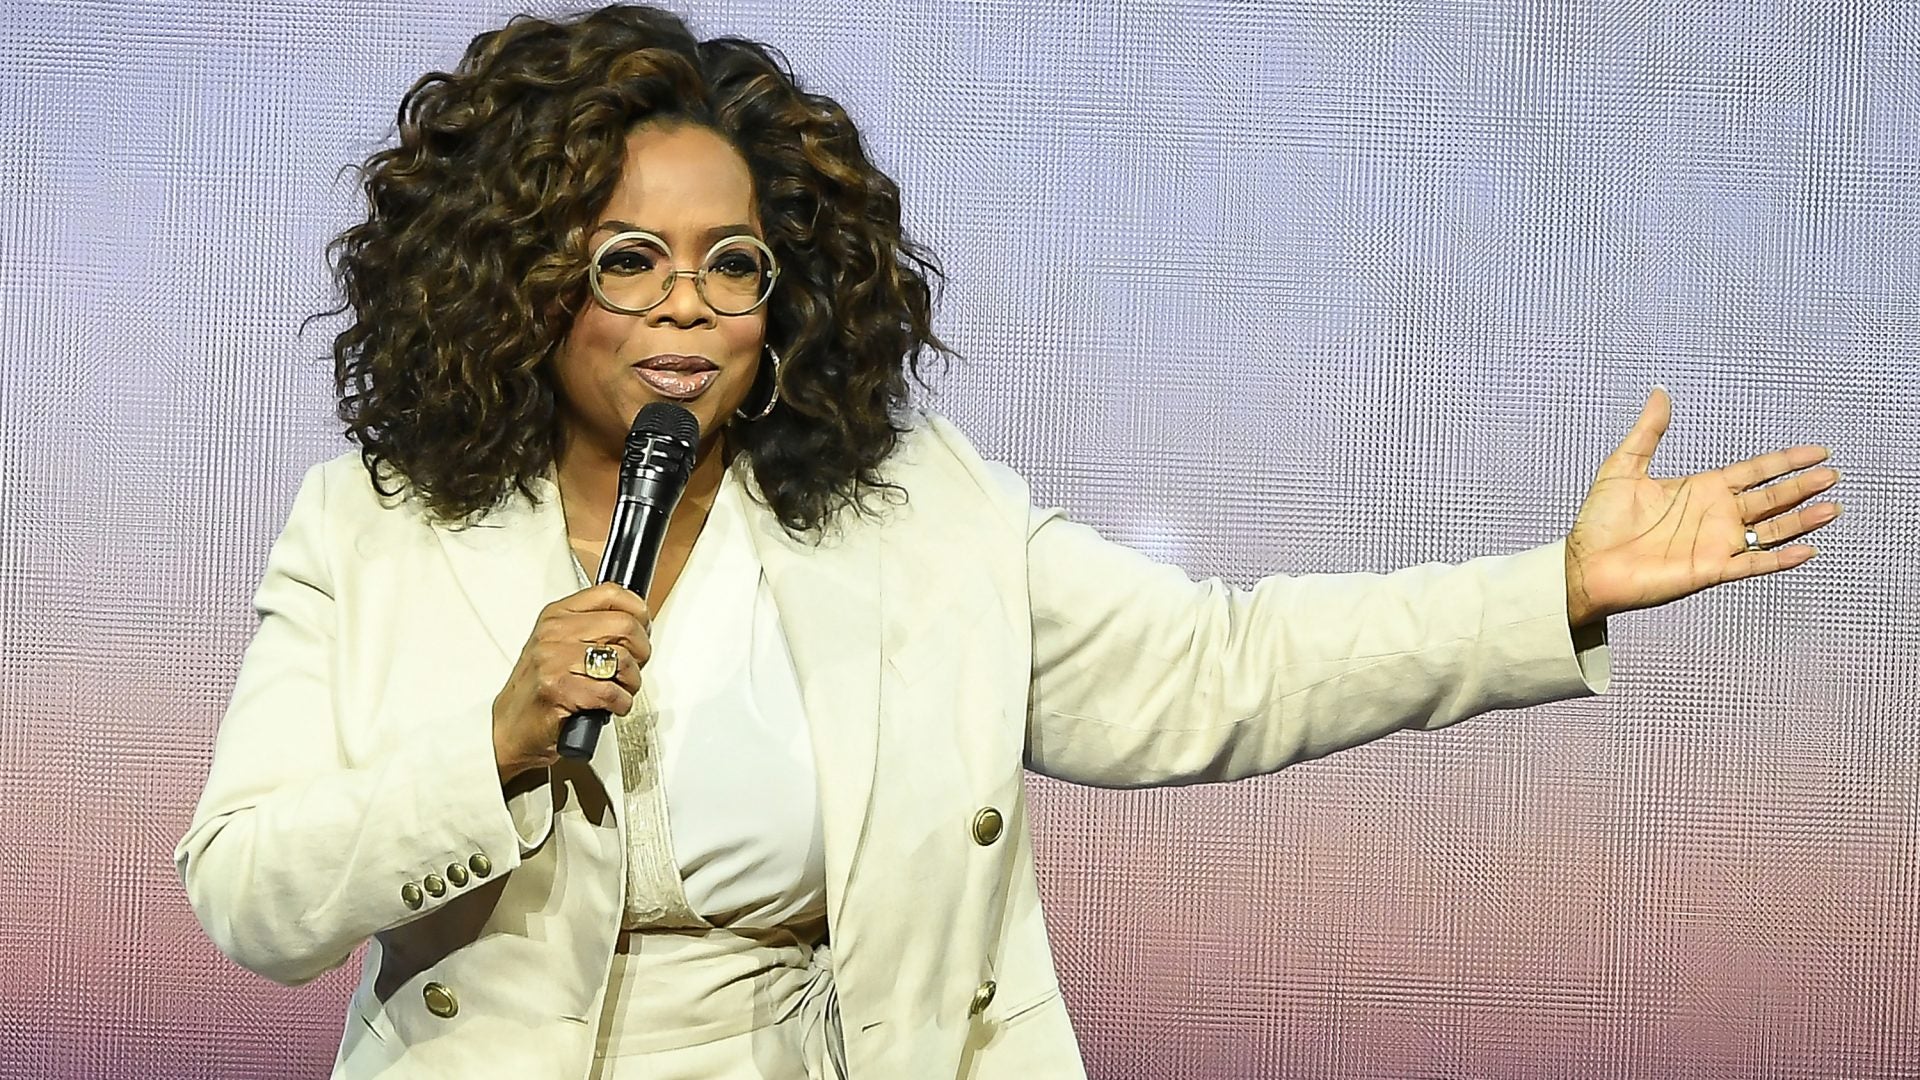 Oprah Winfrey Tells Harvard Graduate: 'You Wear The Crown Your Ancestors Made For You'
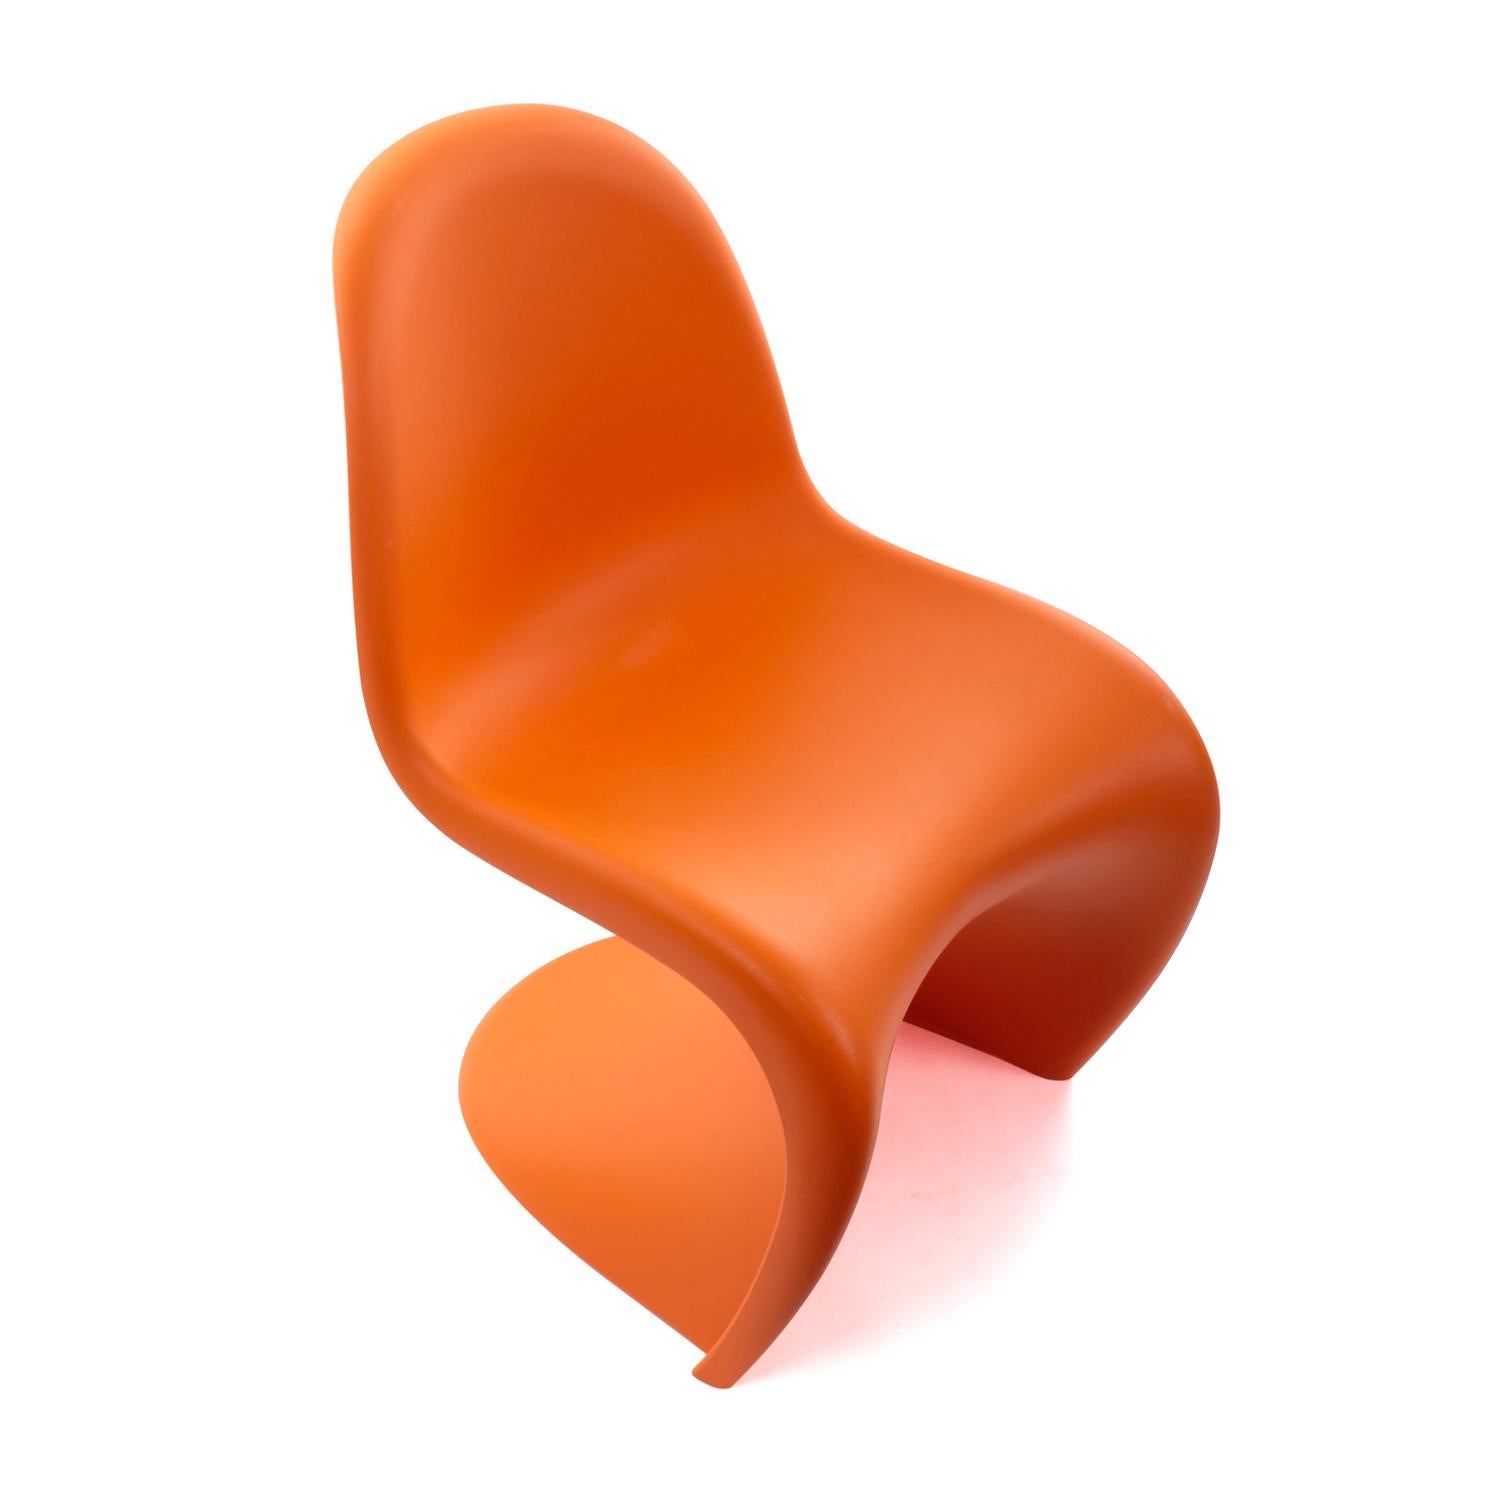 Panton Junior chair - designed by Verner Panton in 1960 and produced by Vitra from 2008 - an iconic design, in children's size. In good vintage condition.

By pushing the materials to the limit, Panton created one of the most award-winning chairs
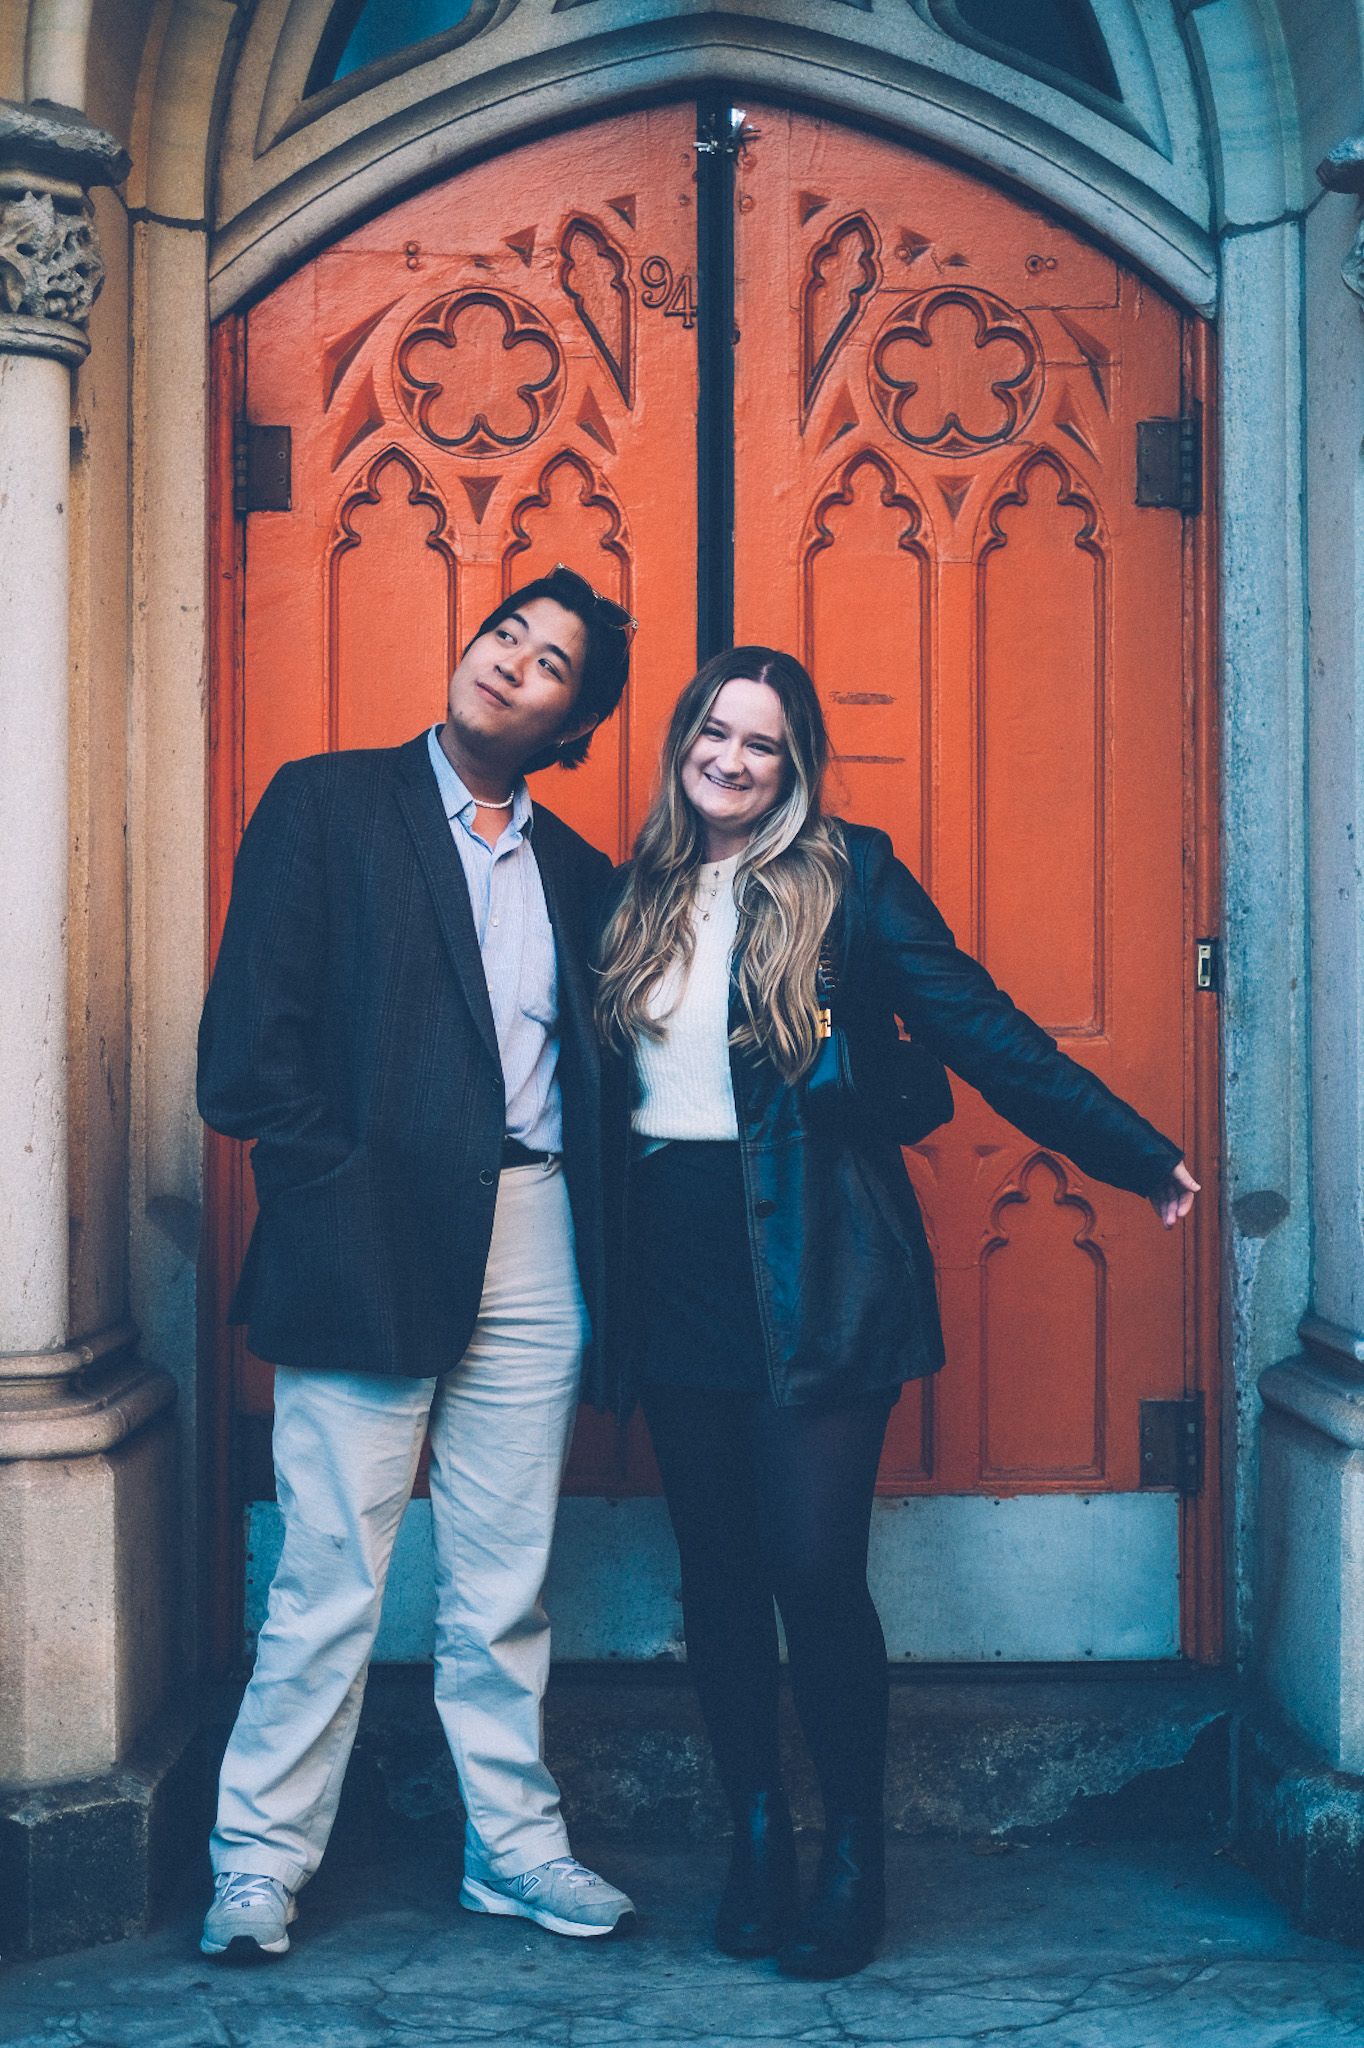 Two people stand smiling in front of a bright orange door of what looks to be a church, decorated with woodcut patterns.
━━━━━━━━
▶ _Your task_
Please return the full listing exactly as given, with the images left out.

▶ _Exercise answer_
 Oprah Winfrey Tells Harvard Graduate: 'You Wear The Crown Your Ancestors Made For You'
 Panton Junior chair - designed by Verner Panton in 1960 and produced by Vitra from 2008 - an iconic design, in children's size. In good vintage condition.

By pushing the materials to the limit, Panton created one of the most award-winning chairs
 Two people stand smiling in front of a bright orange door of what looks to be a church, decorated with woodcut patterns.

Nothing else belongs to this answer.